Comparison: NeuronGuard vs. PyTorch (1,000,000 Samples)

To validate the efficiency of NeuronGuard's neuromorphic architecture, we ran a head-to-head comparison against a standard PyTorch Multi-Layer Perceptron (MLP) on the full Wikipedia dataset (1,000,000 training samples, 10,000 test samples, and a 10,000-word vocabulary).

Head-to-Head Results (Apple Silicon M-Series CPU/GPU)

Metric NeuronGuard (SNN) PyTorch (MLP, 1 Epoch) PyTorch (MLP, 10 Epochs) Trade-Off / Insight
Hardware Used Single CPU Core Apple Silicon MPS GPU Apple Silicon MPS GPU NeuronGuard achieves line-rate speed without needing GPU acceleration.
Training Time 15.85 seconds 16.56 seconds 163.84 seconds NeuronGuard is 10.3x faster than PyTorch (10 epochs) on a single CPU core.
Data Loading Overhead 0.00 seconds (on-the-fly) 16.17 seconds 16.17 seconds NeuronGuard trains directly on the stream, bypassing memory loading overhead.
Total Pipeline Time 15.85 seconds 32.73 seconds 180.01 seconds NeuronGuard is 2x to 11.3x faster overall from cold start to fully trained.
Model Size ~320 KB 2.44 MB 2.44 MB NeuronGuard's model size is 7.6x smaller, making it ideal for edge devices.
Overall Accuracy 93.14% 97.98% 98.15% PyTorch's global backpropagation yields slightly higher peak accuracy, but NeuronGuard is within 5.0%.

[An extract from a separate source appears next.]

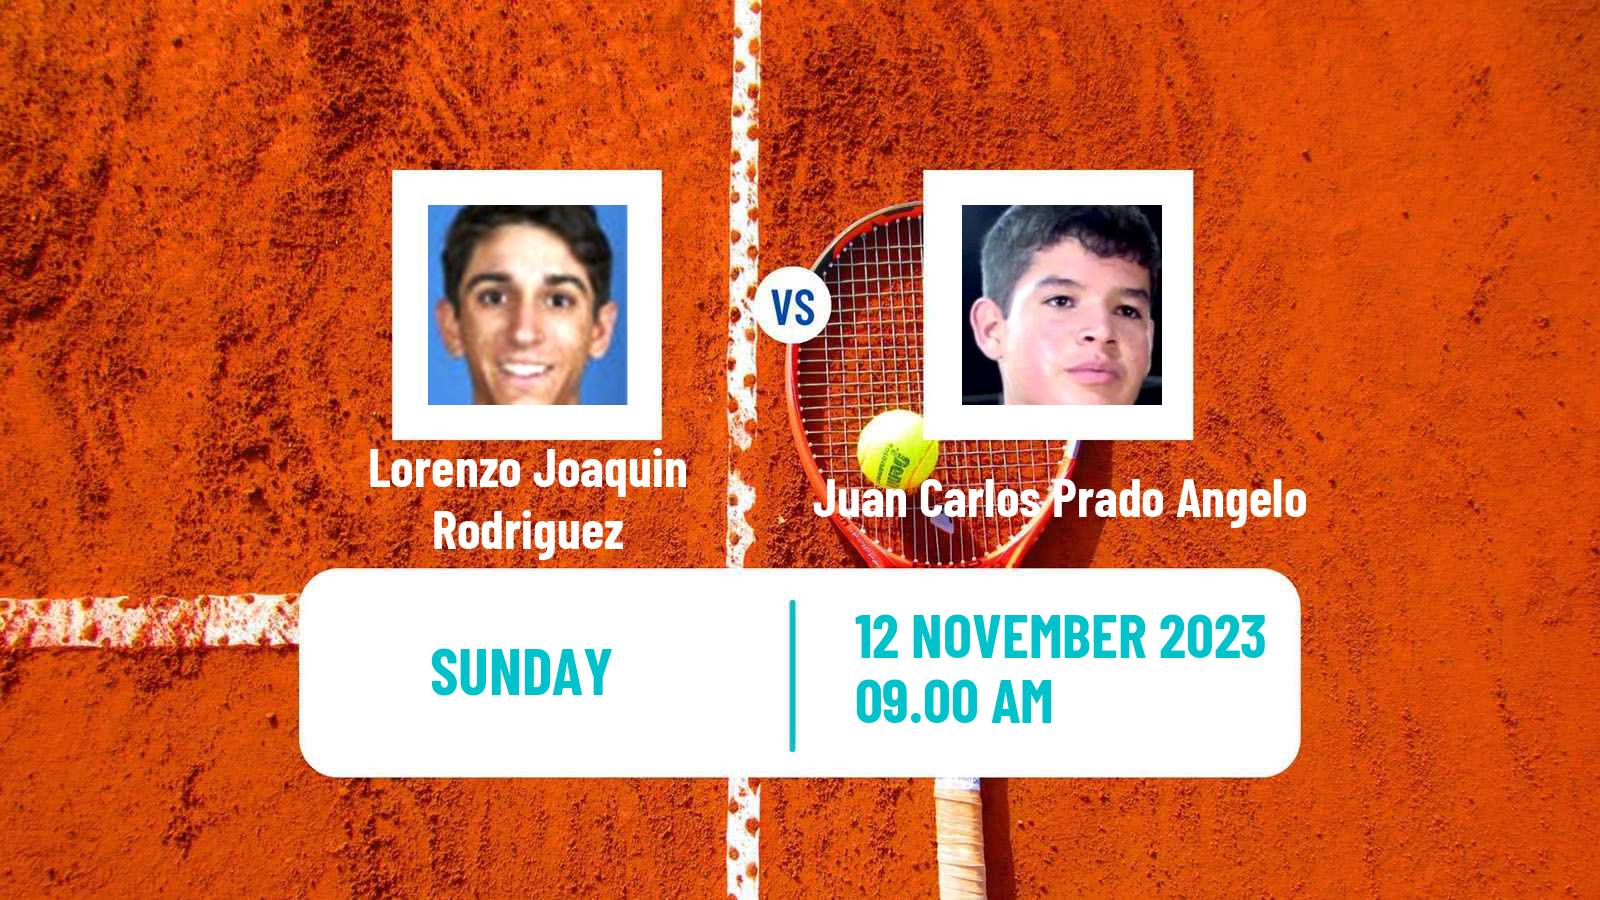 Tennis ITF M15 Rosario Men Lorenzo Joaquin Rodriguez - Juan Carlos Prado Angelo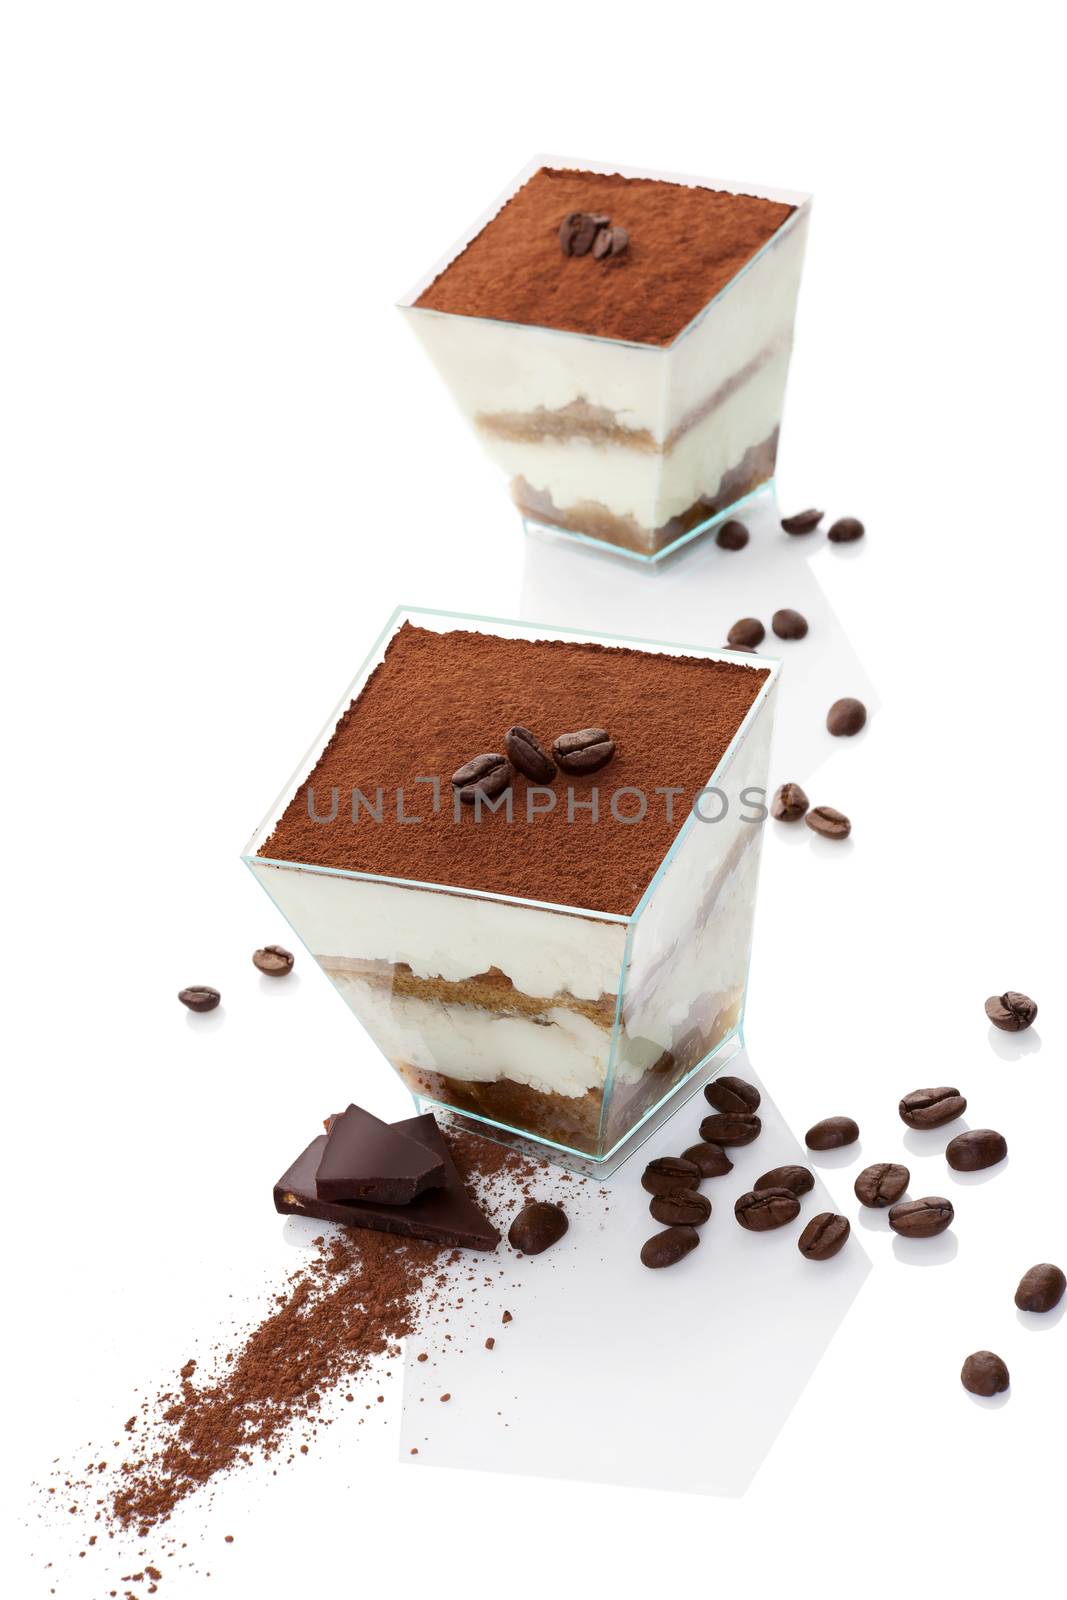 Tiramisu dessert on chocolate bar with coffee beans isolated on white background. Italian sweet dessert concept.

Because NeuronGuard trains on the fly via Hebbian plasticity, it completely bypasses the massive dataset loading and memory overhead required by traditional deep learning frameworks.

Architectural Trade-Offs

  • NeuronGuard (Neuromorphic SNN):
    • Pros: Instant training (single-pass online learning), ultra-low memory footprint (< 350 KB), runs entirely on cheap CPU hardware, zero heavy deep learning dependencies, and accuracy within 5% of deep learning models.
    • Cons: Slightly lower peak accuracy due to the lack of iterative global optimization (backpropagation).
  • PyTorch (Traditional Deep Learning):
    • Pros: High peak accuracy (98%+) due to multi-pass gradient descent and non-linear optimization.
    • Cons: Requires dedicated GPU acceleration for fast training, larger model files, and significantly higher memory and dependency overhead.

Technology Overview

NeuronGuard operates on a hardware-conscious, matrix-free neuromorphic design. Rather than relying on traditional deep learning architectures (like Transformers or Feedforward networks), it implements the following core technologies:

  • Spiking Neural Network (SNN) Core: Models neural computation using discrete event spikes rather than continuous floating-point activations. Stimuli are processed as temporal events that propagate through synaptic pathways.
  • Hebbian-Style Plasticity: Synaptic weights are updated on the fly using simple transactional increments and decrements based on co-activation, completely bypassing backpropagation and gradient storage.
  • Cache-Aligned Memory Layout: All neural structures are spatially aligned to exactly 64-byte boundaries (matching standard CPU cache lines). This maximizes L1/L2 cache hit rates, prevents cache thrashing, and eliminates false sharing during parallel execution.
  • GIL-Free Parallelism: Drops the Python Global Interpreter Lock (GIL) during stream processing to execute concurrent, lock-free evaluations across background worker threads.
  • Guard/Lease Transactional Pattern: Implements transactional, lock-free leases on specific memory addresses using atomic compare-and-swap (CAS) operations for safe concurrent weight mutations.
  • Flat, Pointerless Serialization: Synaptic weights are stored as flat, contiguous binary arrays, enabling sub-millisecond serialization and deserialization directly to and from disk.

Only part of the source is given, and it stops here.